[strongSwan] SAD and SPD are not deleted properly on getting delete payload from Peer for Ikev2
Anonymous cross
anonymouscross at gmail.com
Tue May 8 21:41:14 CEST 2012
Hi Friends,
We formed a site-site IPSec tunnel between Cisco and Strongswan using
IKEv2
Router1(Ciso) ------------- Router2(Strongswan)
I stopped IPsec service in Cisco and its sending delete payload to
Strongswan. But Strongswan is not deleting the SAD and SPD properly, it
lingers in Kernel.
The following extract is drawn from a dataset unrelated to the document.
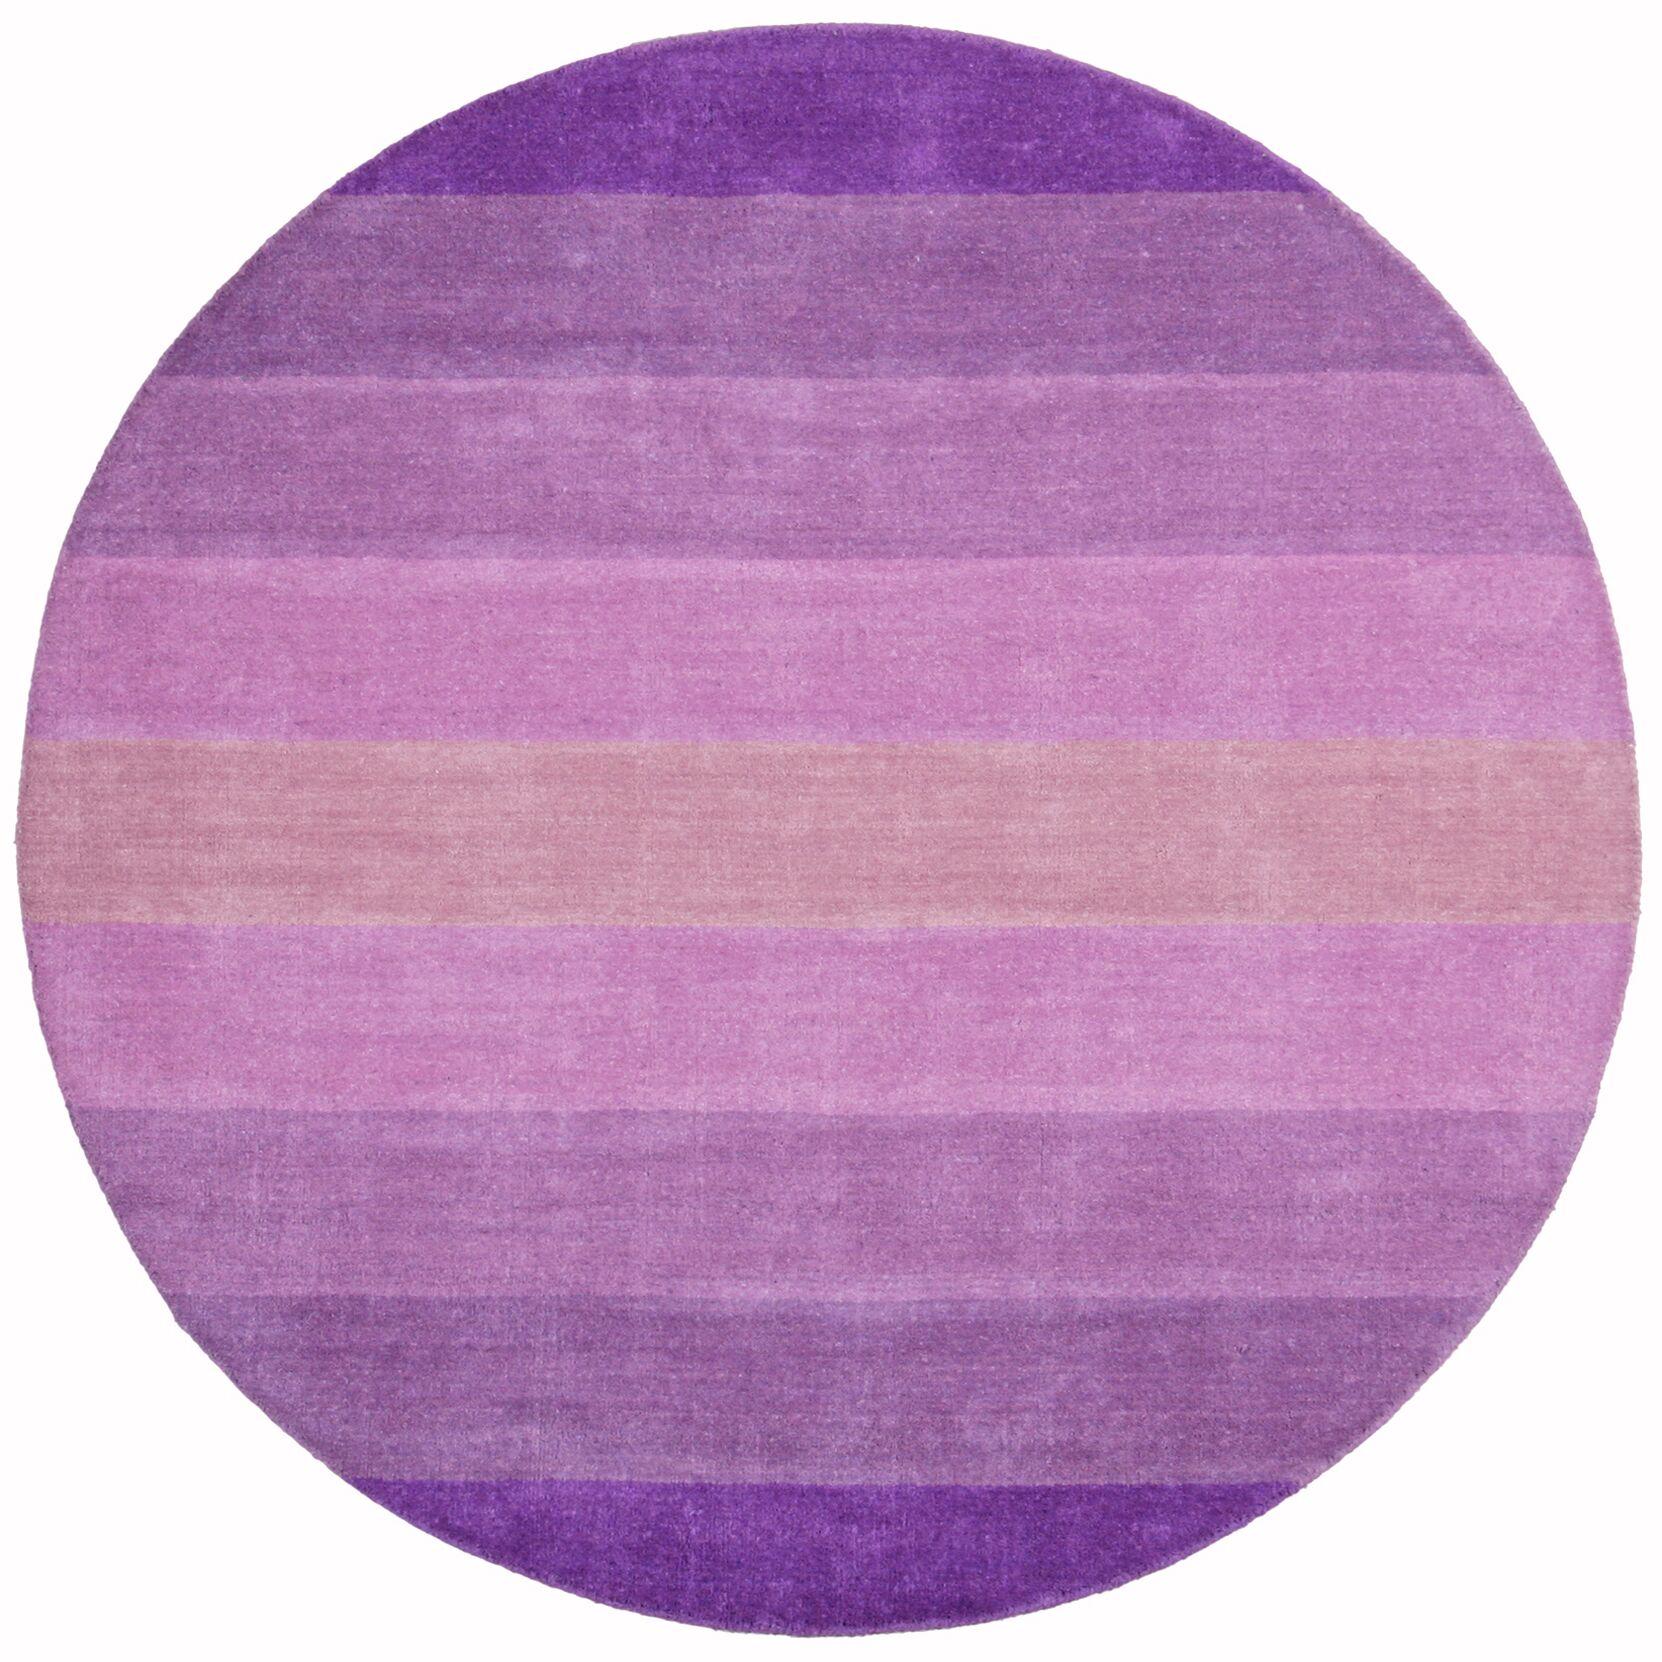 Degarmo Purple Stripes Area Rug Rug Size: Round 6'

Please help me out on this.
Please find the configurations and logs below
ipsec.conf
___________
config setup
plutostart=yes
plutodebug=all
charonstart=yes
charondebug=all
nat_traversal=yes
crlcheckinterval=10m
strictcrlpolicy=no
conn %default
ikelifetime=15m
keylife=2m
keyingtries=1
conn fqdn_vr
type=tunnel
keyexchange=ikev1
left=172.31.114.227
right=%any
rightsubnet=0.0.0.0/0
rightid=divya at cas.com
auth=esp
authby=secret
pfs=no
rekey=no
auto=add
*Logs*
++++++
*/var/log/messages*
___________
May 9 00:41:53 uxcasxxx charon: 12[CFG] received stroke: add connection
'fqdn_vr'
May 9 00:41:53 uxcasxxx charon: 12[CFG] added configuration 'fqdn_vr'
May 9 00:42:10 uxcasxxx charon: 15[NET] received packet: from
172.31.114.211[500] to 172.31.114.227[500]
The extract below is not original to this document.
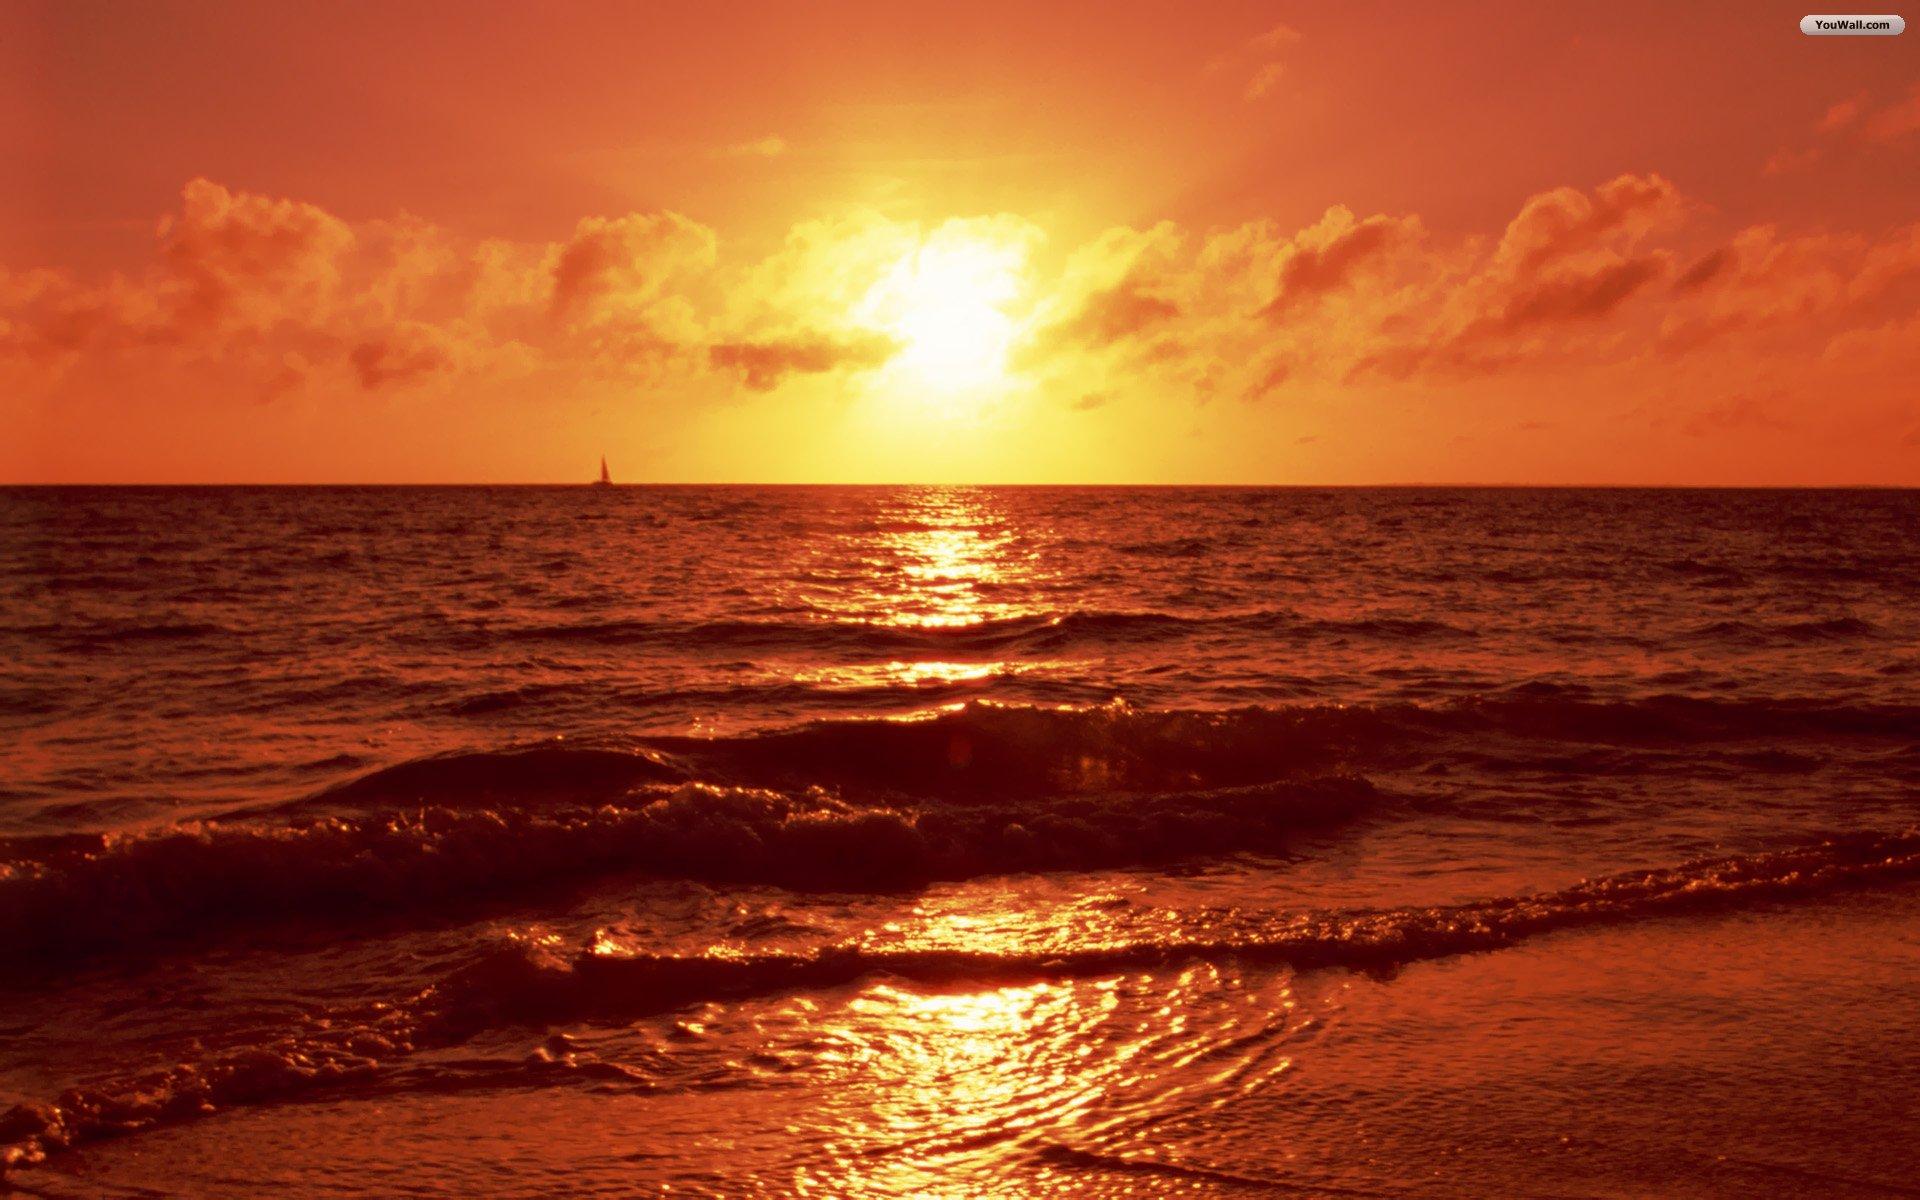 Beach Sunset Wallpaper Image Picture 2339 Wallpaper Cool 1920x1200

May 9 00:42:10 uxcasxxx charon: 15[ENC] parsed IKE_SA_INIT request 0 [ SA
KE No N(NATD_S_IP) N(NATD_D_IP) ]
May 9 00:42:10 uxcasxxx charon: 15[IKE] 172.31.114.211 is initiating an
IKE_SA
May 9 00:42:10 uxcasxxx charon: 15[IKE] sending cert request for "C=CH,
O=strongSwan, CN=strongSwan CA"
May 9 00:42:10 uxcasxxx charon: 15[ENC] generating IKE_SA_INIT response 0
[ SA KE No N(NATD_S_IP) N(NATD_D_IP) CERTREQ N(MULT_AUTH) ]
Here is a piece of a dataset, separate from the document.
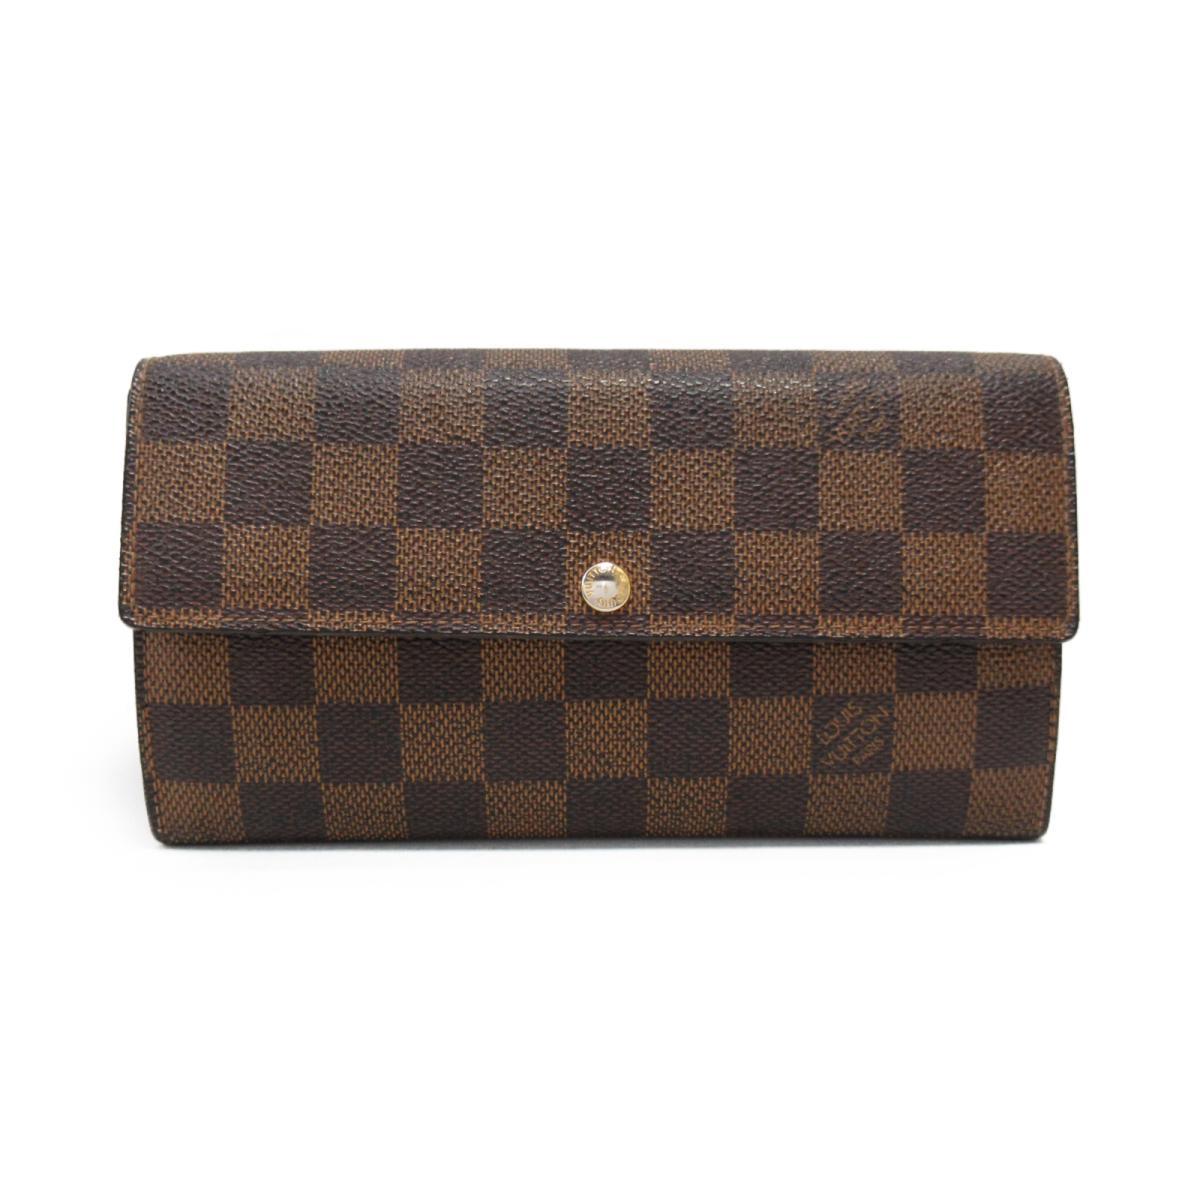 b5d44015c3ed ... 二つ折り長財布 メンズ レディース ダミエ (N61734)   LOUIS VUITTON ビトン ヴィトン ルイ·ヴィトン 長財布 財布  ポルトフォイユ·サラ ブランドオフ BRANDOFF

May 9 00:42:10 uxcasxxx charon: 15[NET] sending packet: from
172.31.114.227[500] to 172.31.114.211[500]
May 9 00:42:10 uxcasxxx charon: 07[NET] received packet: from
172.31.114.211[500] to 172.31.114.227[500]
May 9 00:42:10 uxcasxxx charon: 07[ENC] parsed IKE_AUTH request 1 [ IDi
AUTH SA TSi TSr ]
May 9 00:42:10 uxcasxxx charon: 07[CFG] looking for peer configs matching
172.31.114.227[%any]...172.31.114.211[divya at cas.com]
May 9 00:42:10 uxcasxxx charon: 07[CFG] selected peer config 'fqdn_vr'
May 9 00:42:10 uxcasxxx charon: 07[IKE] authentication of 'divya at cas.com'
with pre-shared key successful
May 9 00:42:10 uxcasxxx charon: 07[IKE] authentication of '172.31.114.227'
(myself) with pre-shared key
May 9 00:42:10 uxcasxxx charon: 07[IKE] IKE_SA fqdn_vr[1] established
between 172.31.114.227[172.31.114.227]...172.31.114.211[divya at cas.com]
May 9 00:42:10 uxcasxxx charon: 07[IKE] CHILD_SA fqdn_vr{1} established
with SPIs c307376c_i 7ac0291f_o and TS 172.31.114.227/32 === 0.0.0.0/0
May 9 00:42:10 uxcasxxx charon: 07[ENC] generating IKE_AUTH response 1 [
IDr AUTH SA TSi TSr ]
May 9 00:42:10 uxcasxxx charon: 07[NET] sending packet: from
172.31.114.227[500] to 172.31.114.211[500]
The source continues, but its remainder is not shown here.